Shigehisa Takada personifies all that’s wrong with corporate Japan. The Takata chairman has adopted a familiar response to the deadly airbag scandal that’s enveloped his 82-year-old company: duck and cover. As the costs of recalling tens of millions of airbags mount — they’re likely to reach $264 million in the year ending in March — Takata has remained out of sight, leaving underlings and lawyers to face the news media and testify before the U.S. Congress.

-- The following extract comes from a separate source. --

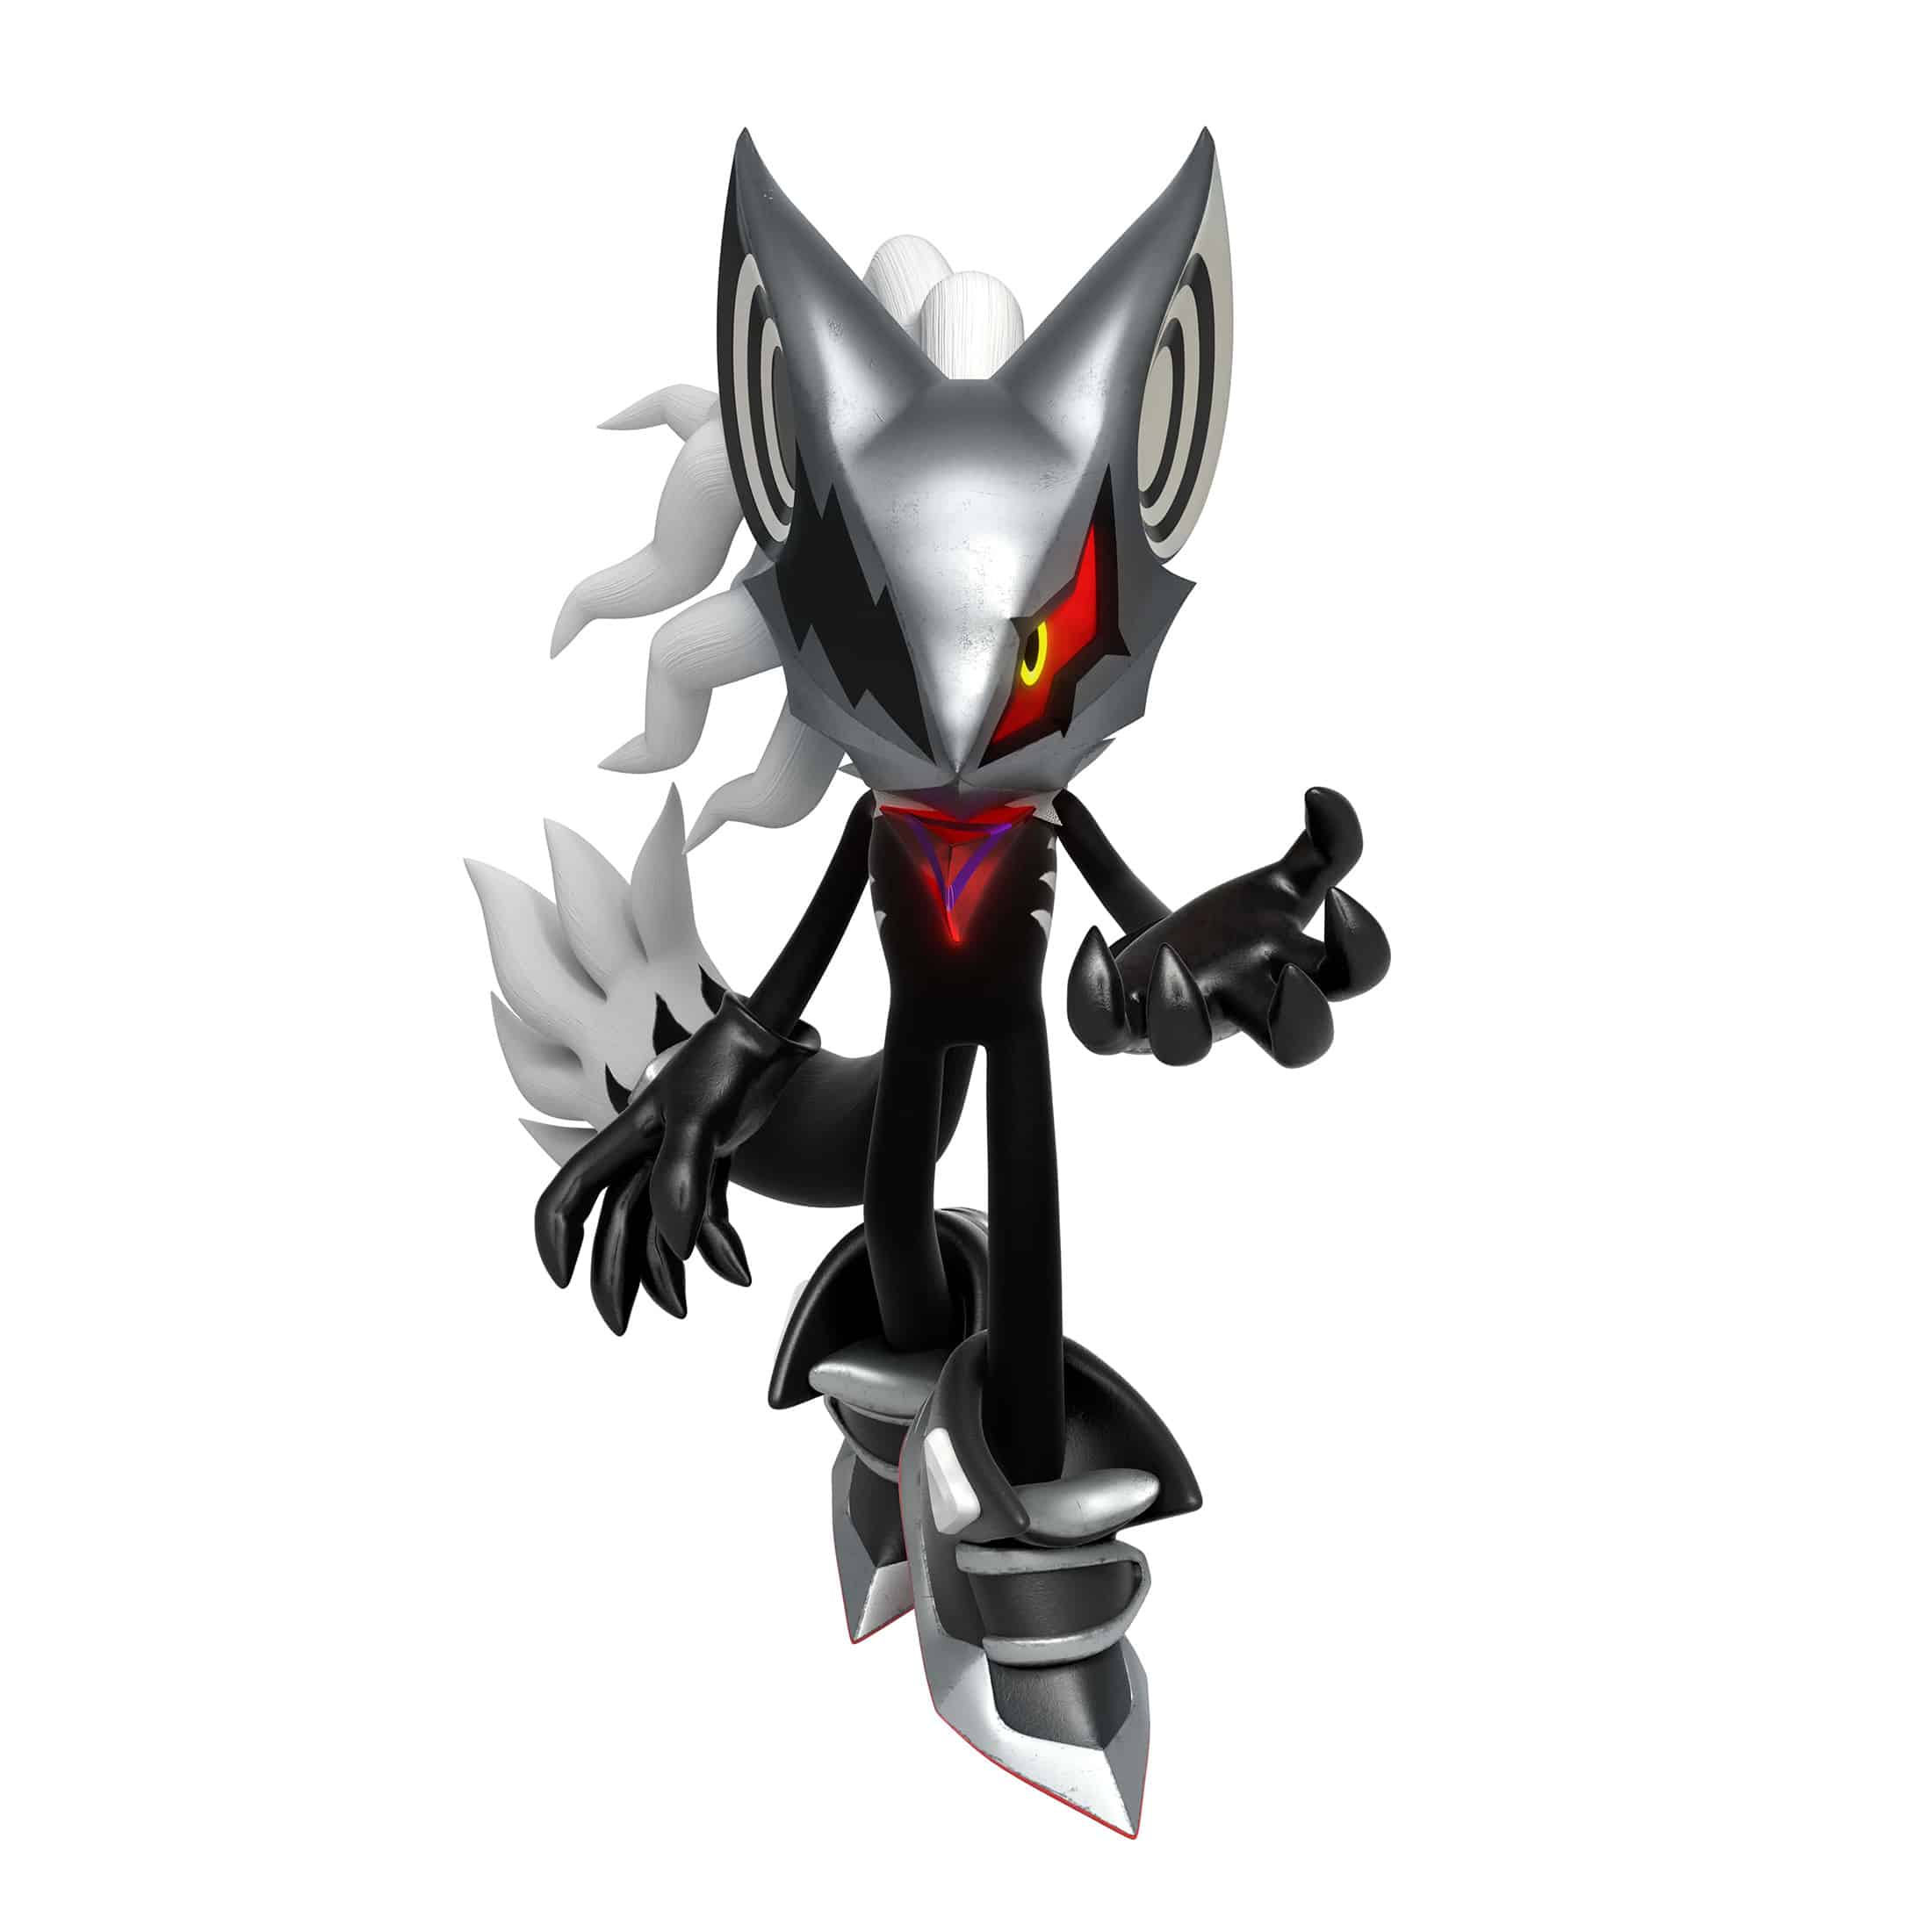 sonic forces speed battle favorite character

Something extraordinary just took place within the clubby ranks of Japan Inc., however: Someone had the gumption to tell Takada the jig was up. Not just anyone, but Honda’s respected CEO Takanobu Ito. In December, local press speculated that Honda, Takata’s biggest customer, would provide a financial lifeline to the embattled airbag maker. Ito now says Honda intends to do no such thing: “We have no interest” in keeping Takata afloat, he told reporters last week.

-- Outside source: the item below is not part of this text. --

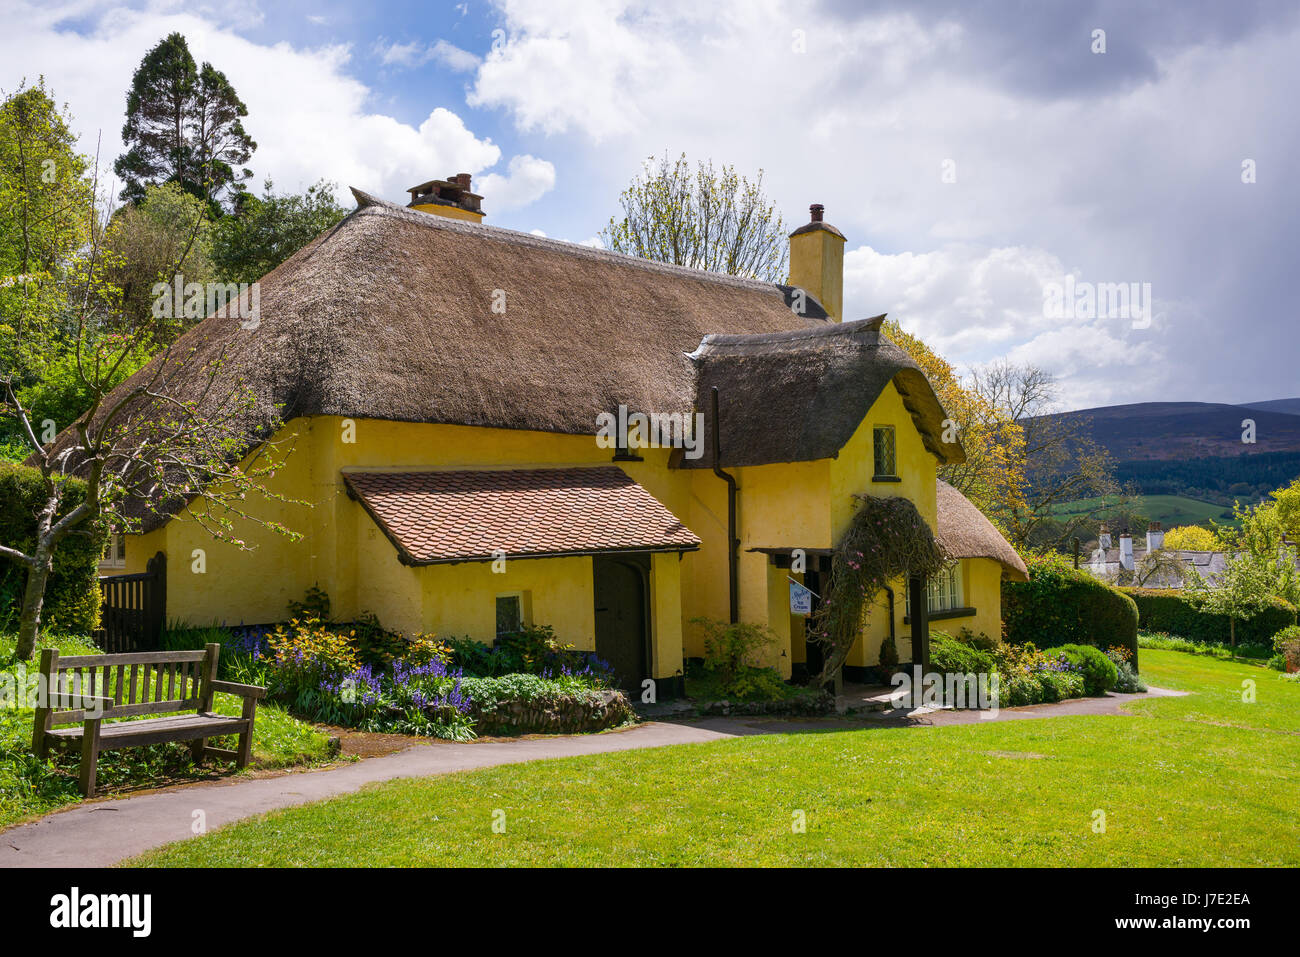 The National Trust village of Selworthy in Exmoor National Park, Somerset, England. Stock Photo

While that would sound unremarkable coming from a CEO in Detroit, Ito’s tough message is revolutionary for Japan. It’s a promising sign that the Japanese corporate sector may finally be modernizing from within. That should both cheer Prime Minister Shinzo Abe — who has called upon Japanese companies to improve their governance — and inspire him to give his stalled “Abenomics” reform program a serious reboot.
In recent years, Honda’s Ito has mounted a one-man assault on Japan’s traditional “keiretsu” system of close-knit business networks. From the 1960s through the 1990s, these interlinking interests, cemented by cross-shareholdings of stock, fueled Japan’s dominance in sectors like autos. But they’ve left the country deeply uncompetitive. In 2012, Ito began dismantling Honda’s relationships with high-cost and complacent domestic suppliers in favor of low-cost ones overseas.
Companies like Daihatsu have begun to follow suit. Last month, Reuters ran a fascinating story about how Japan’s oldest carmaker had also decided to focus more on costs than on preserving backroom relationships. Even more intriguingly, former Daihatsu chairman Kosuke Shiramizu claimed that Akio Toyoda, Toyota’s CEO, was “carefully aware of what we’re doing.” For giant Toyota to revamp its traditional supplier network in the interests of efficiency would mark a sea change in how Japanese manufacturers operate.
These aren’t the only hints of change. Japanese companies are notoriously resistant to shareholder complaints, particularly from foreigners. Olympus shareholders, remember, were more aghast by the fact that whistleblower Michael Woodford had gone public with a $1.7 billion fraud scandal at the company in 2011 than the crime itself. Sony recently fended off pressure from activist investor Daniel Loeb to buy back stock and address what he claimed was an “illogical capital structure” that did nothing to increase shareholder value.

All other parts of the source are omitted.